Analysts to Watch for Ending Stocks in USDA January Reports

January 9, 2017 03:24 PM
USDA Grain Unloader

Analysts don’t expect major adjustments by USDA in the January crop production report, but they will be paying very close attention to its estimates on Thursday.

USDA will release four reports: Crop Production Annual Summary, World Agricultural Supply and Demand Estimates, Quarterly Grain Stocks and Winter Wheat Seedings.

Forecasts leaning bearish

“Ultimately we expect growing balance sheets for corn and soybeans as a combination of reduced feed, lower corn exports, and rising soybean yields contribute to expanded ending stocks,” says Mike North, president of Commodity Risk Management Group in Platteville, Wis. “We expect little changes to wheat.”

DuWayne Bosse, of Bolt Marketing in Britton, S.D., holds a similar view.

“Generally, I’m looking for a bearish report for all grains, but I don’t think the market will be shocked … It is widely known that we have large supplies of corn, soybeans, and wheat,” notes Bosse. 

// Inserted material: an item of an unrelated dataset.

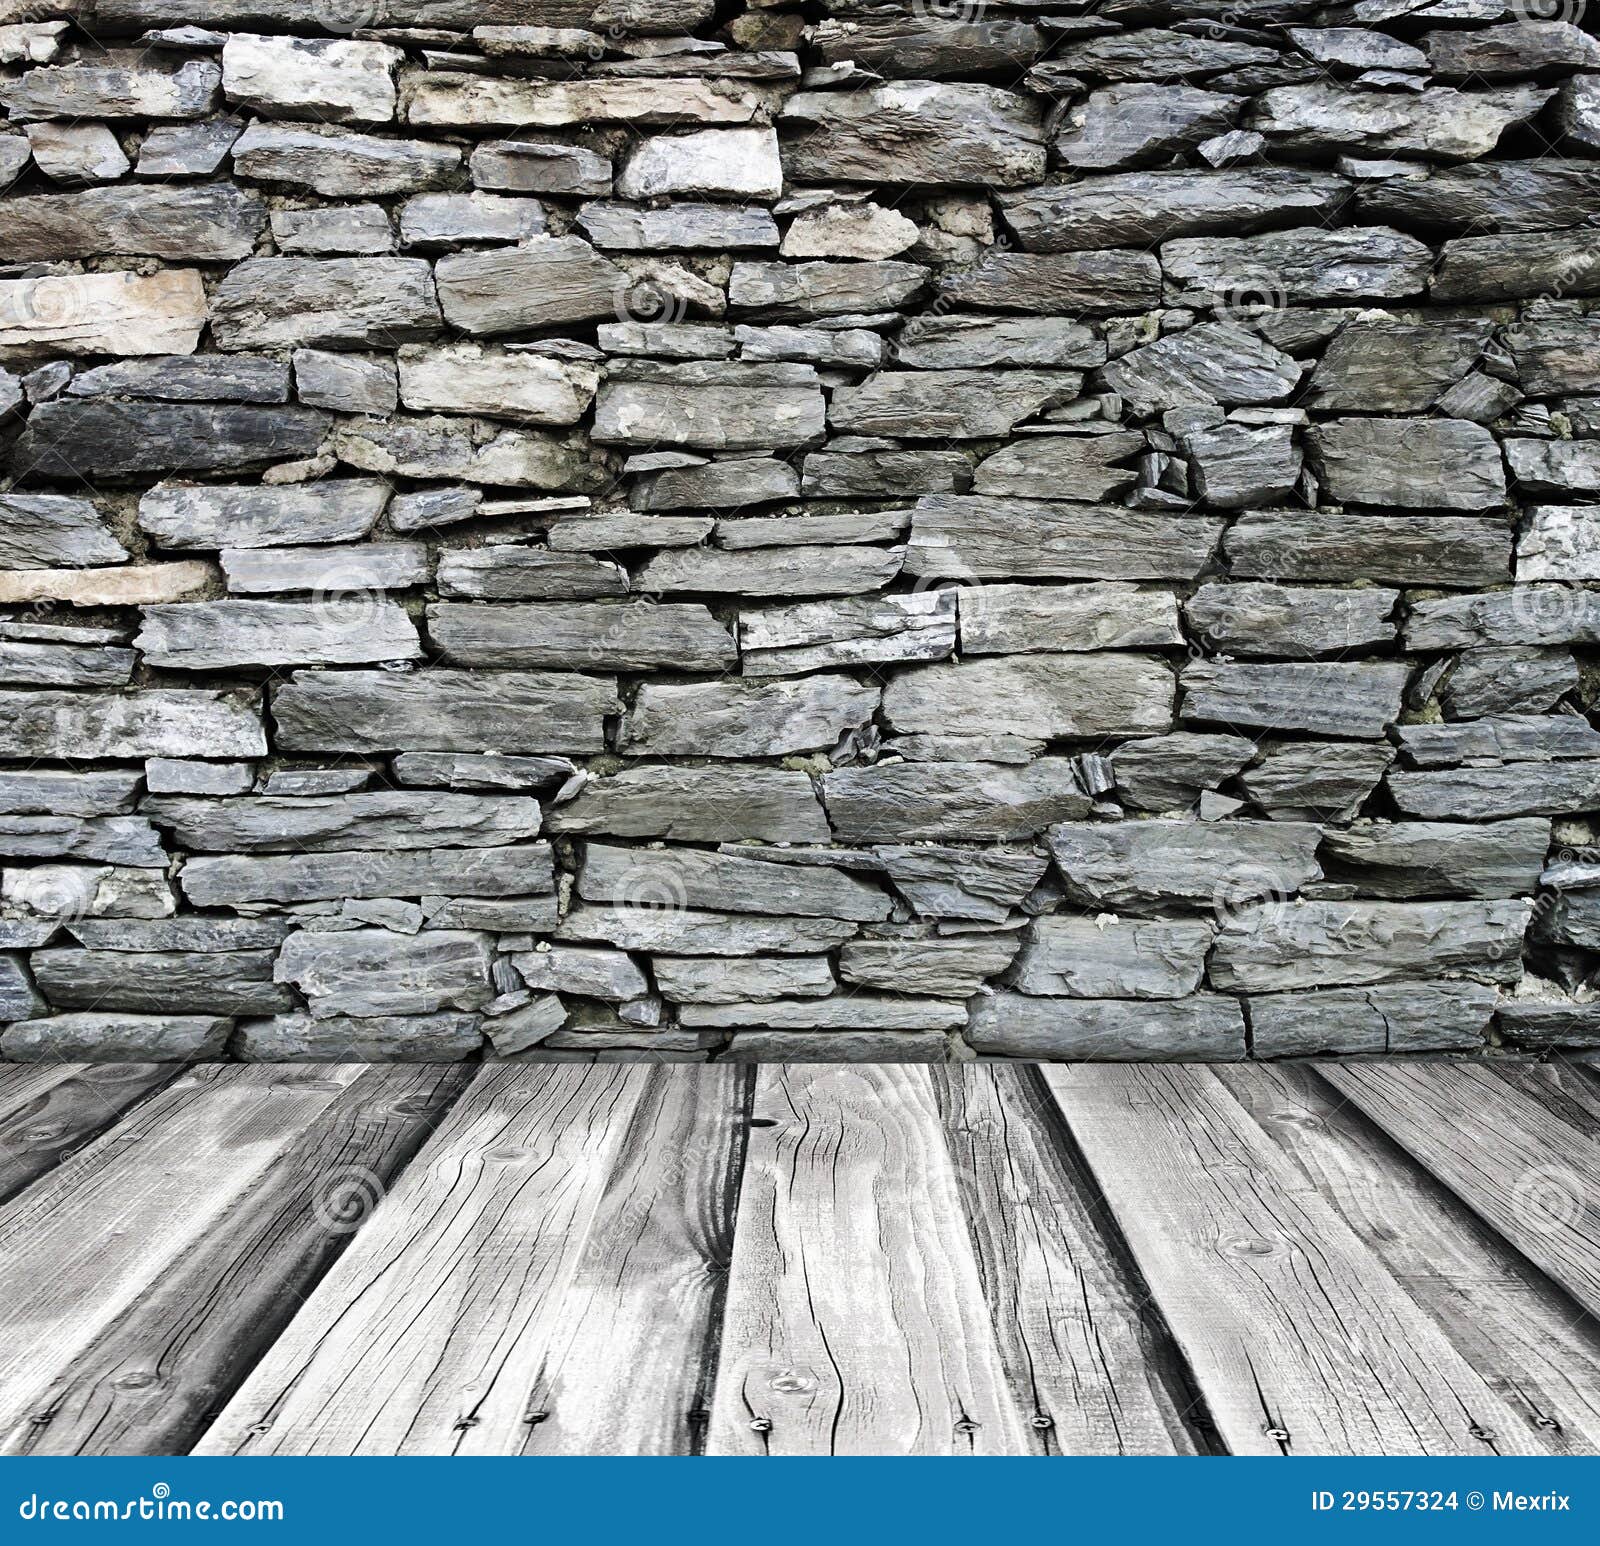 Brick wall interior stock photo. Image of corner, design - 29557324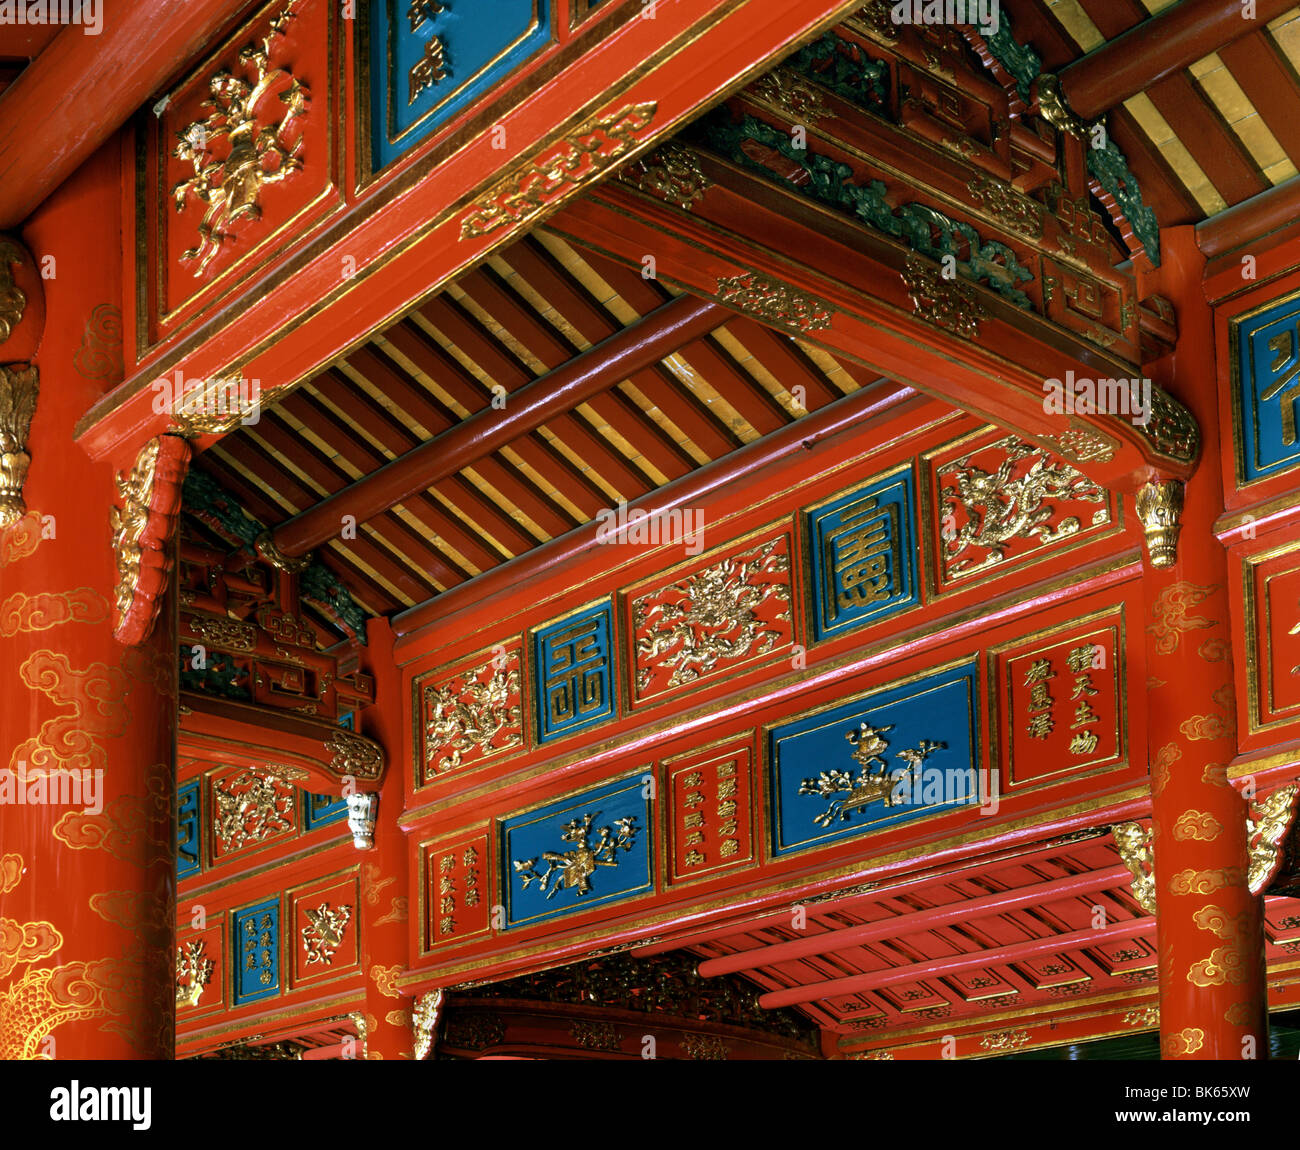 Influenza cinese nell'architettura, Royal mausolei, tonalità, Vietnam, Indocina, Asia sud-orientale, Asia Foto Stock

Here are analysts’ estimates for the WASDE report, according to a Reuters’ survey:


Production: 15.196 billion bushels

Yield: 175.1 bu. per acre

Ending stocks: 2.385 billion bushels


Production: 4.374 billion bushels

Yield: 52.7 bu. per acre

Ending stocks: 468 million bushels


Ending stocks:  1.148 billion bushels

For its part, INTL FCStone, of Kansas City, Mo., puts corn ending estimates at 2.494 billion bushels, "due to some demand concerns if South America benefits from favorable weather," says Arlan Suderman, the firm's chief commodities economist.

The trade will also be closely watching  numbers in the USDA's Quarterly Grains report.

“Feed usage will be the watch point in corn,” says North. “A mild first quarter will likely lead to reduced usage as strong pasture conditions allowed for the ongoing trend of longer backgrounding periods to continue.”

Analysts are also gauging how the market could react to Thursday’s reports.

“I expect corn and wheat to hold up much better than beans potentially. If bean yields or carryout increases and weather forecast for South America is non-threatening, beans could get hit hard,” points out analyst Chip Nellinger, of Blue Reef Agri-Marketing, in Morton, Ill.

So what should farmers do?

“Farmers need to manage risk before this report,” advises Bosse.  “Soybean prices are profitable and about $1.00 higher than they were at this time last year.  That profit should be protected even if they 'think' markets are going higher.”